A heavy police presence saw an AFP correspondent briefly detained just for interviewing residents on the occasion.

Hamas called last week for end to peace talks and "concrete measures to find out who was involved in the crime" of Arafat's death.

Tawfiq Tirawi, head of the Palestinian Authority's inquiry into the death, hit back, saying: "If Hamas really cared about the death of Abu Ammar (Arafat's nom de guerre), they would allow festivities to go ahead in Gaza."

The fresh evidence that Arafat was poisoned has also cast a shadow over the ever-fragile Israeli-Palestinian peace process, just three months after it began.

Swiss lab results that were first published Wednesday by the Qatar-based satellite channel Al-Jazeera "moderately support the proposition that the death was the consequence of poisoning with polonium-210."

Since Arafat's death, Palestinians have given increasing currency to the rumour that he was murdered, with Israel the party most often blamed.

But there has never been any proof.

With the publication of the Swiss report, Palestinian officials said there was no longer any doubt, and demanded a formal international inquiry into who was responsible.

"Israel is the one and only suspect in the case of Yasser Arafat's assassination," Tirawi said Thursday.

On Monday, Arafat's nephew Nasser al-Qidwa urged the top Palestinian leadership to officially blame Israel.

"What's needed now is not more scientific evidence, but a clear political stance (by the Palestinian Authority) condemning and holding Israel responsible," he told a news conference in Ramallah.

Israeli officials have brushed the issue aside, categorically denying any involvement in Arafat's death.

The pan-Arab daily Al-Quds al-Arabi meanwhile reflected on how, nearly a decade on, the deeply polarising Arafat remains an icon of the Palestinian struggle for an independent state.

"Nine years after the assassination of Arafat, whom Israel considered an obstacle on the path to peace, nothing has changed on the ground, and it's high time Israel understood that no Palestinian will abandon the nationalistic principles Arafat stood for," the paper wrote on Thursday.

The latest talks have been on shaky ground, with Israel stepping up settlement construction on land the Palestinians want for their future state, angering negotiators.

Kerry delivered a grim warning to Israel on Thursday that failed negotiations with the Palestinians could trigger a new, bloody uprising.

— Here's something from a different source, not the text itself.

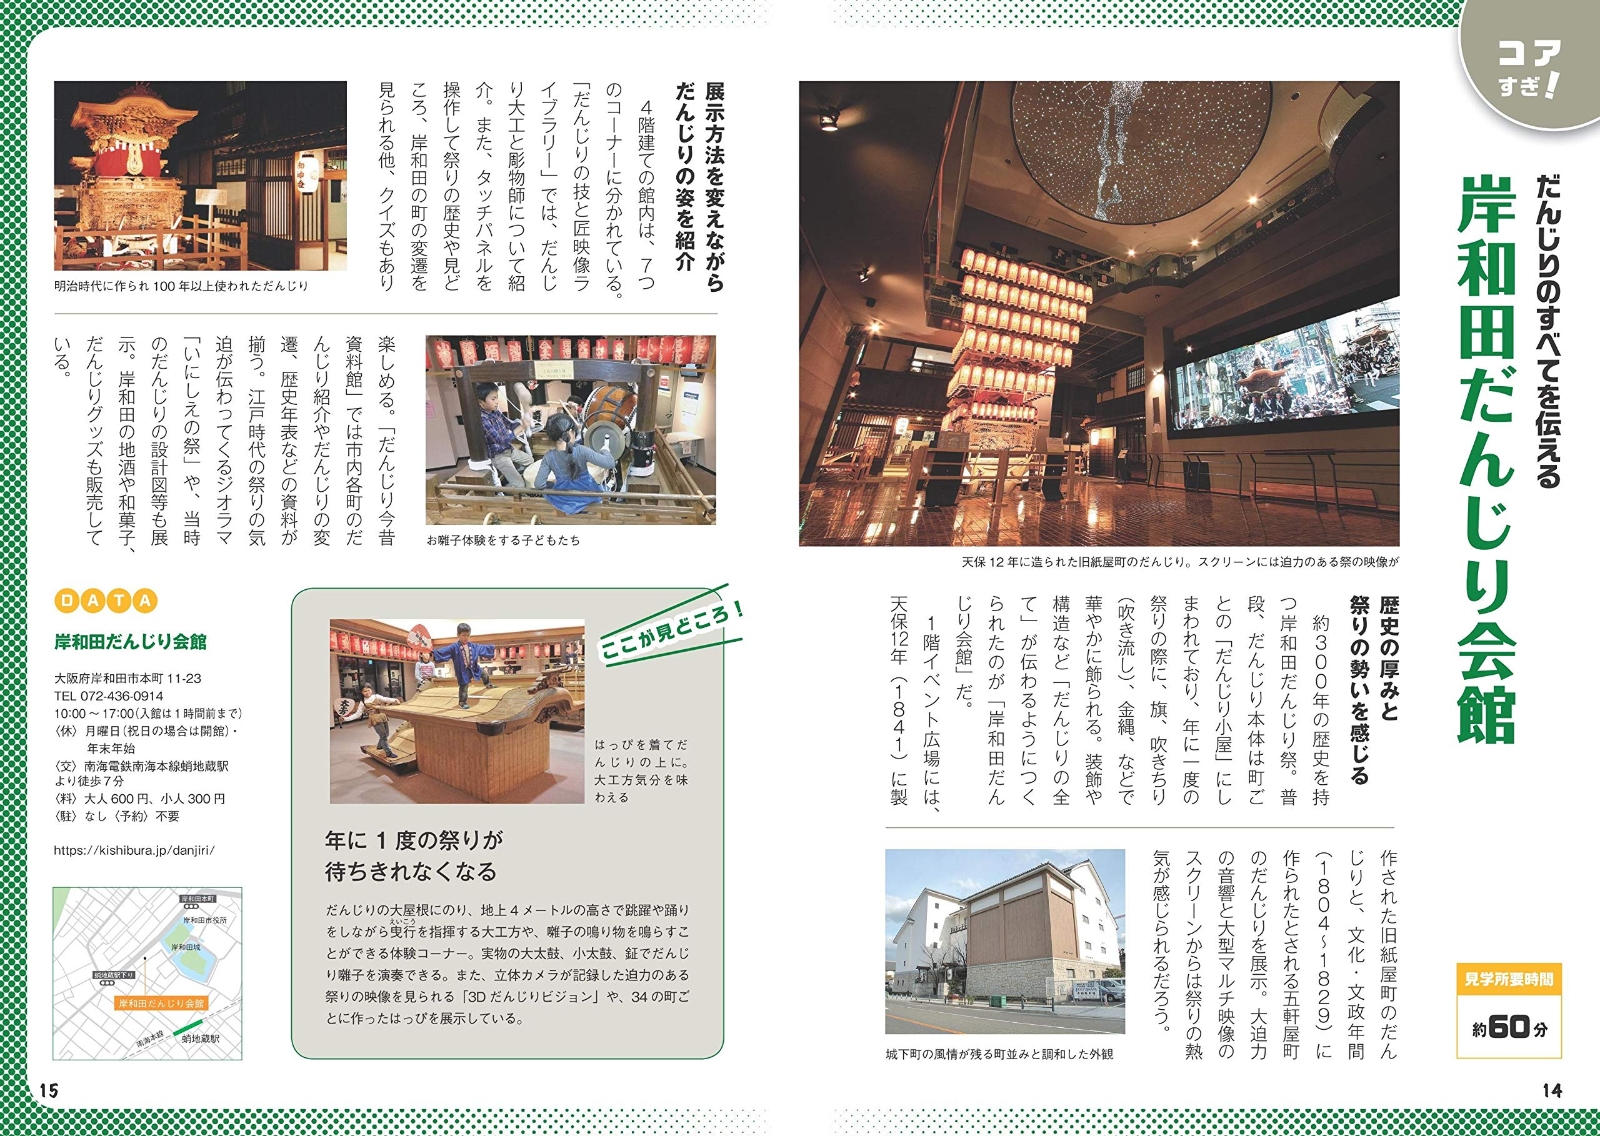 楽天ブックス: 京都・大阪・神戸 マニアック博物館ガイド おもしろ珍

Arafat shared a Nobel Peace Prize with Israeli leaders after signing the landmark Oslo accords in 1993, when hopes ran high for a negotiated settlement to the conflict.

But the negotiations broke down seven years later amid bitter recriminations on both sides, and a bloody Palestinian intifada, or uprising, erupted that would eventually claim the lives of some 3,000 Palestinians and 1,000 Israelis from 2000-2005.

Israel and the United States blamed Arafat for a wave of suicide bombings and other attacks on Israelis during the uprising, while Arafat insisted he was powerless to prevent Palestinians from retaliating for deadly Israeli military operations in the occupied territories.

Arafat, aged 75, died in Paris on November 11, 2004 after falling sick a month earlier while he was besieged by Israeli forces at his Ramallah compound. Doctors were unable to specify the cause of death and no post-mortem was carried out at the time.

In November 2012, his remains were exhumed and samples taken, partly to investigate whether he had been poisoned with polonium.

Some 60 samples were taken from Arafat's remains in November 2012 and divided between Swiss and Russian investigators and a French team carrying out a probe at the request of Arafat's widow.

The Russian investigation was inconclusive on the notion Arafat was poisoned, and the French have yet to reveal their results.